### SUPPLIED MATERIAL
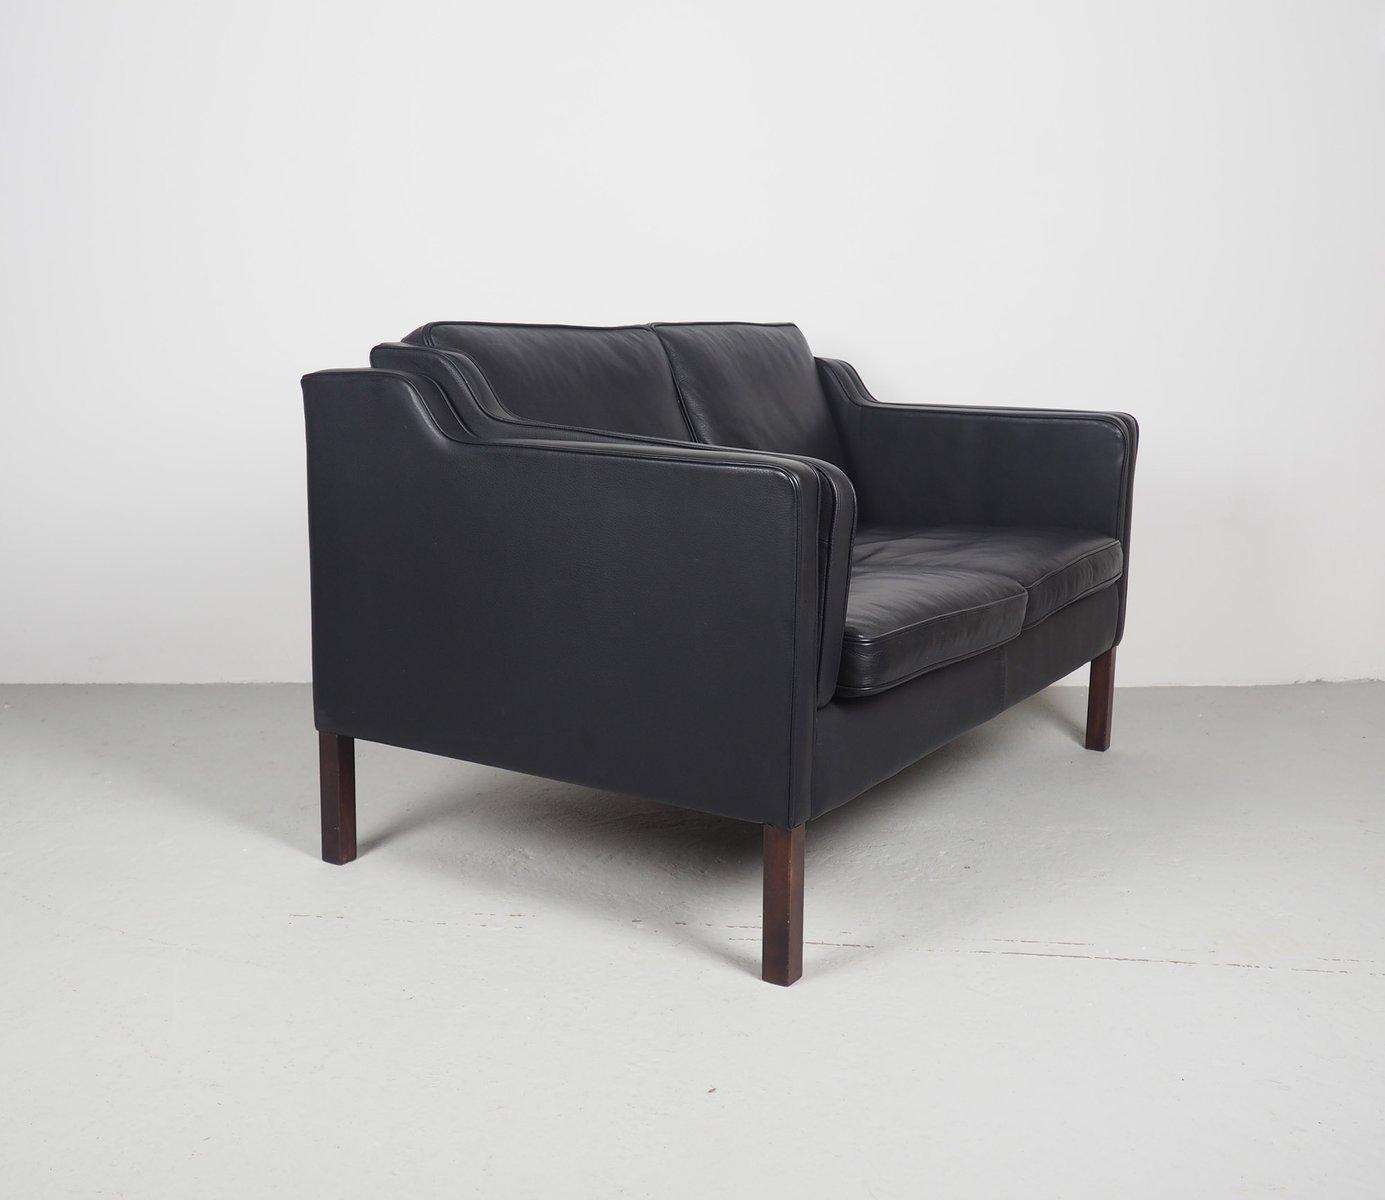 Schwarzes Vintage Modell Eva 2-Sitzer Ledersofa von Stouby bei Pamono kaufen
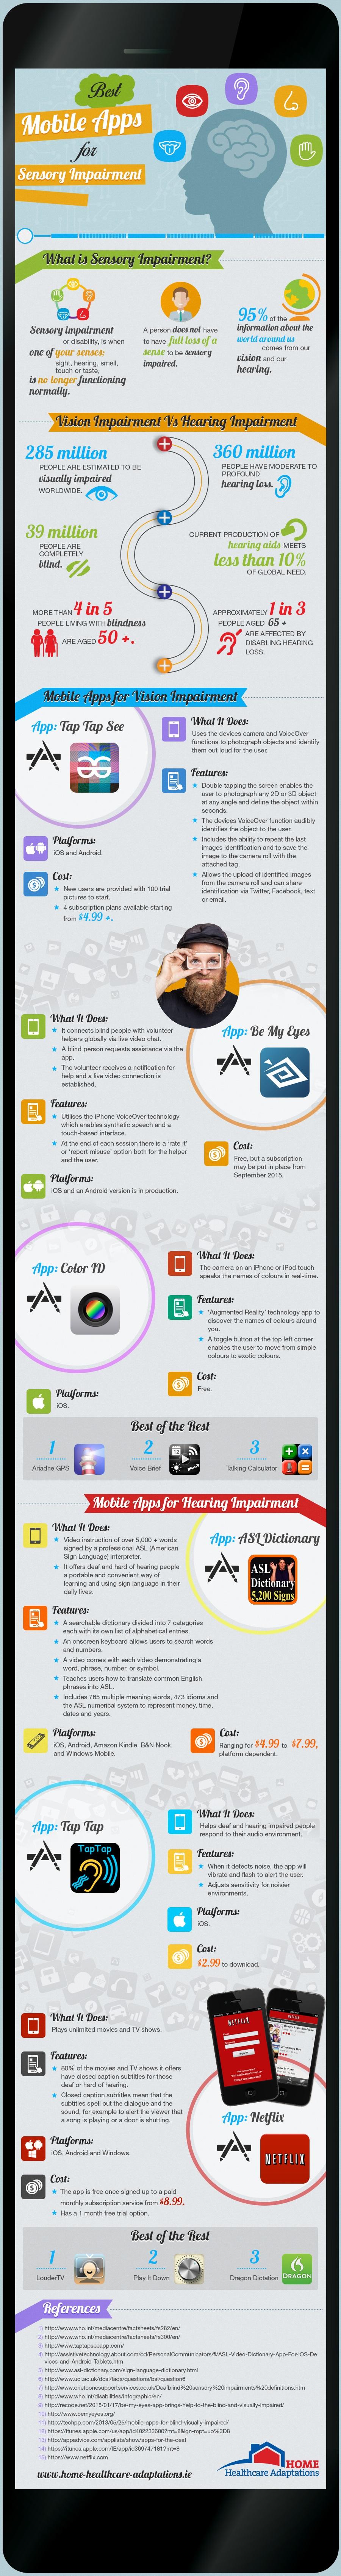 Best Mobile Apps for Sensory Impairments
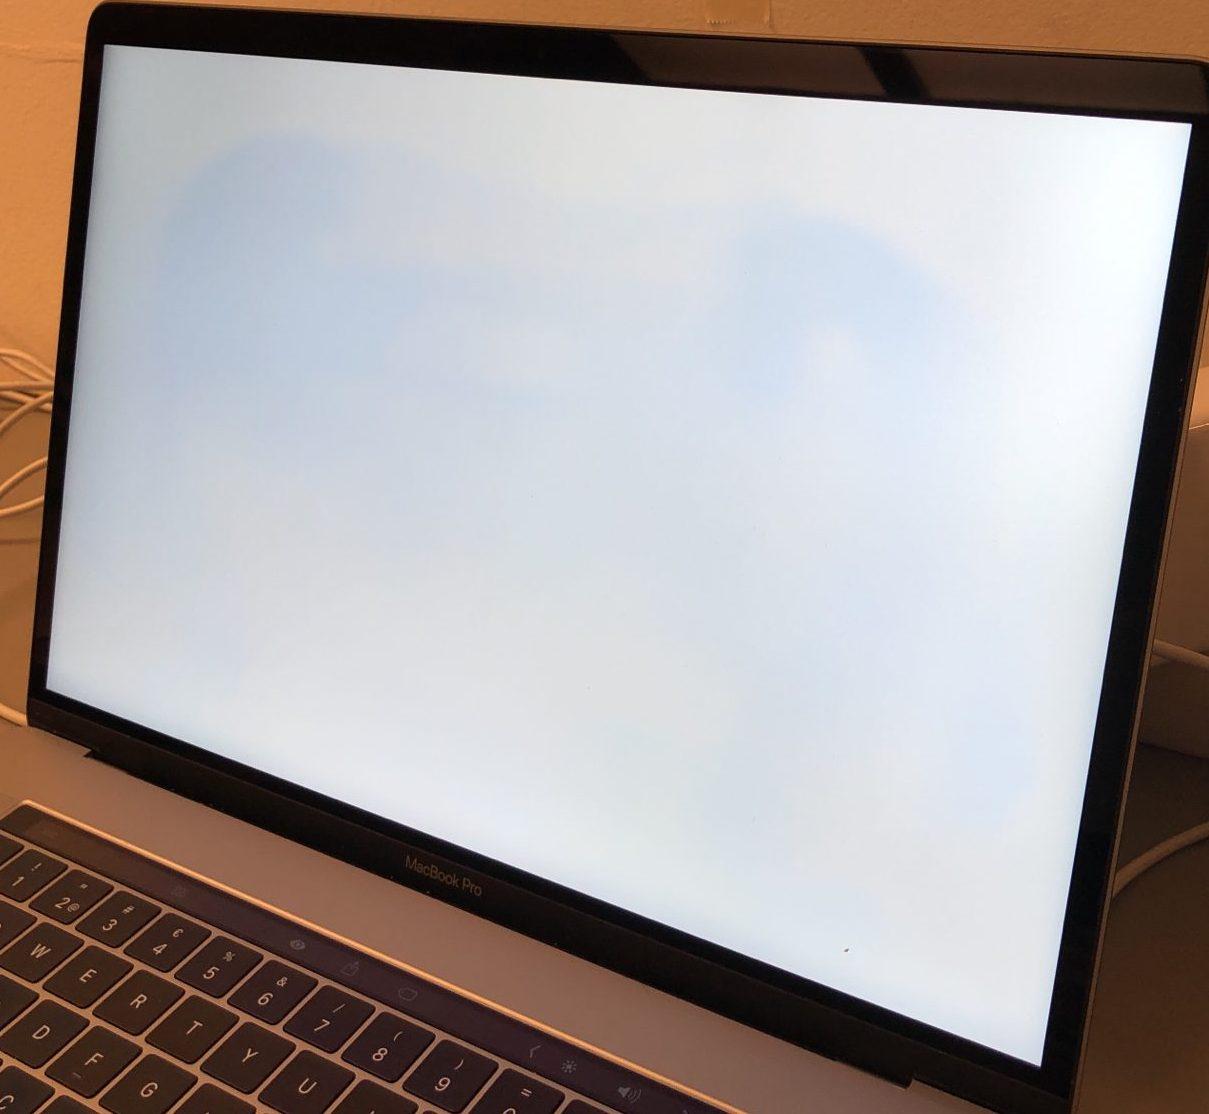 "MacBook Pro 15"" Touch Bar Late 2016 (Intel Quad-Core i7 2.6 GHz 16 GB RAM 512 GB SSD), Space Gray, Intel Quad-Core i7 2.6 GHz, 16 GB RAM, 512 GB SSD, Kuva 4"
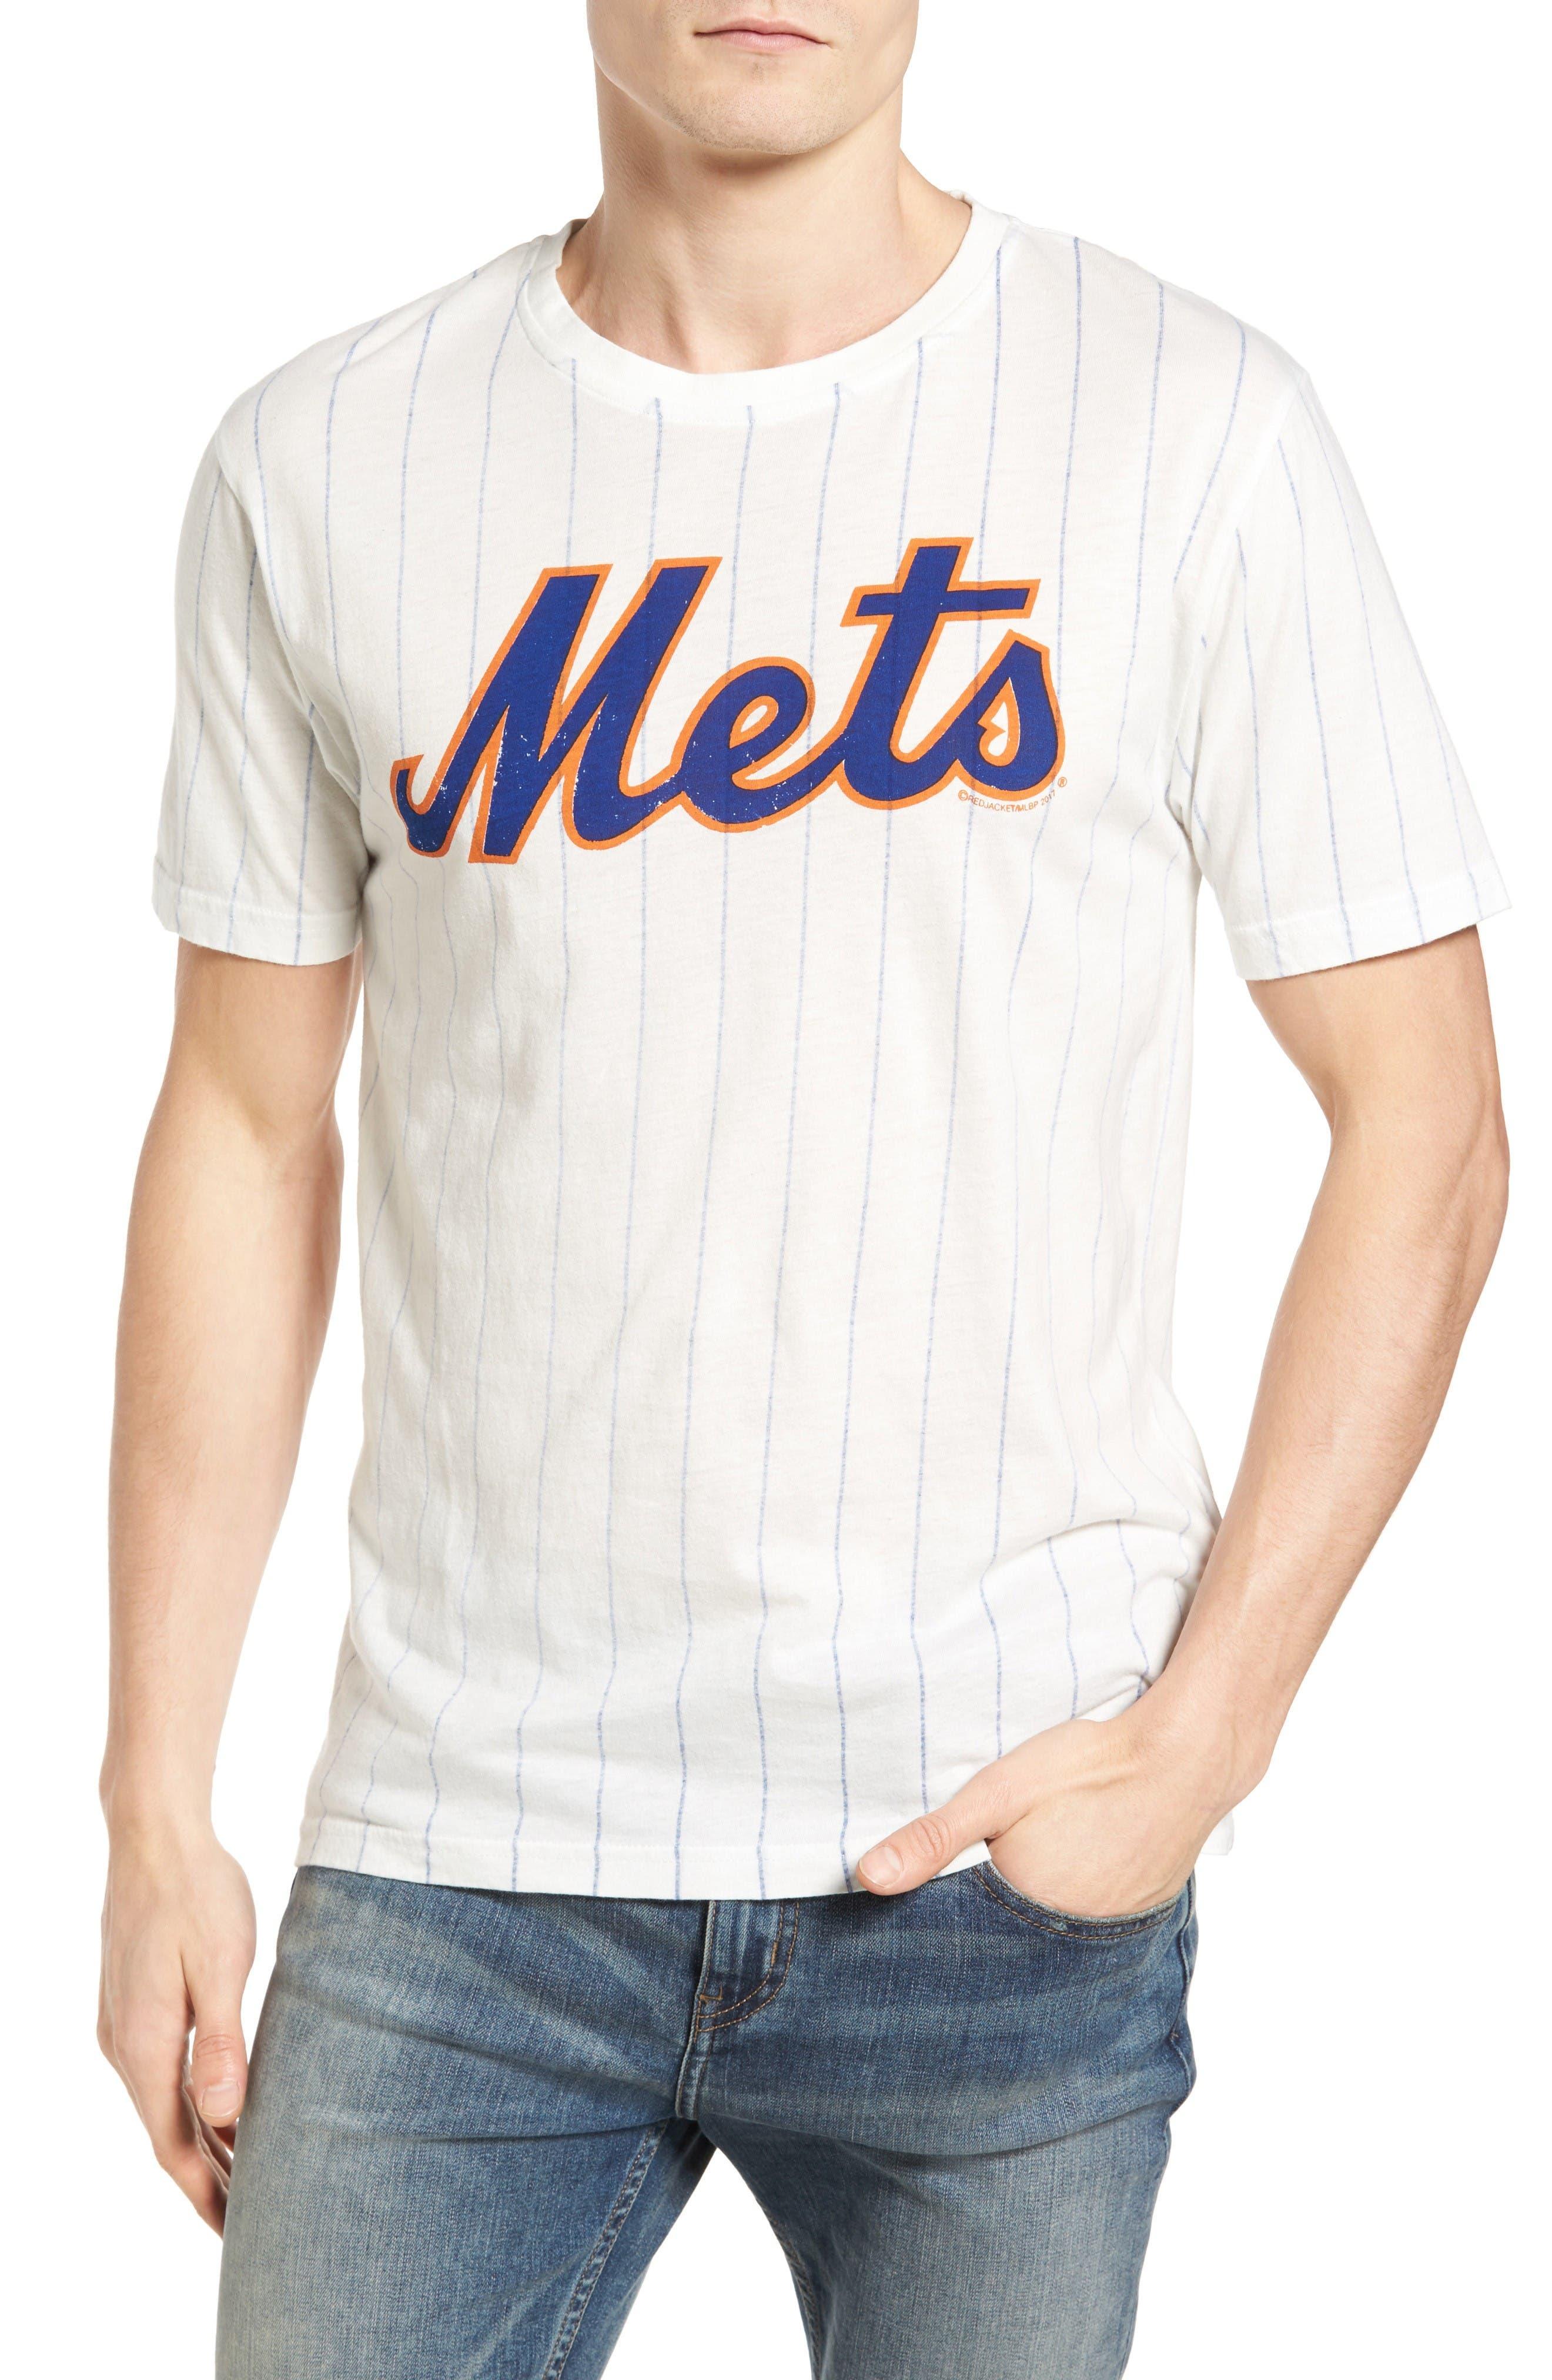 American Needle Brass Tack New York Mets T-Shirt

### WHAT THE TASK ASKS
Pictures are to be left out; all other data must be returned exactly.

### ANSWER AREA
 Schwarzes Vintage Modell Eva 2-Sitzer Ledersofa von Stouby bei Pamono kaufen
 Best Mobile Apps for Sensory Impairments
 "MacBook Pro 15"" Touch Bar Late 2016 (Intel Quad-Core i7 2.6 GHz 16 GB RAM 512 GB SSD), Space Gray, Intel Quad-Core i7 2.6 GHz, 16 GB RAM, 512 GB SSD, Kuva 4"
 American Needle Brass Tack New York Mets T-Shirt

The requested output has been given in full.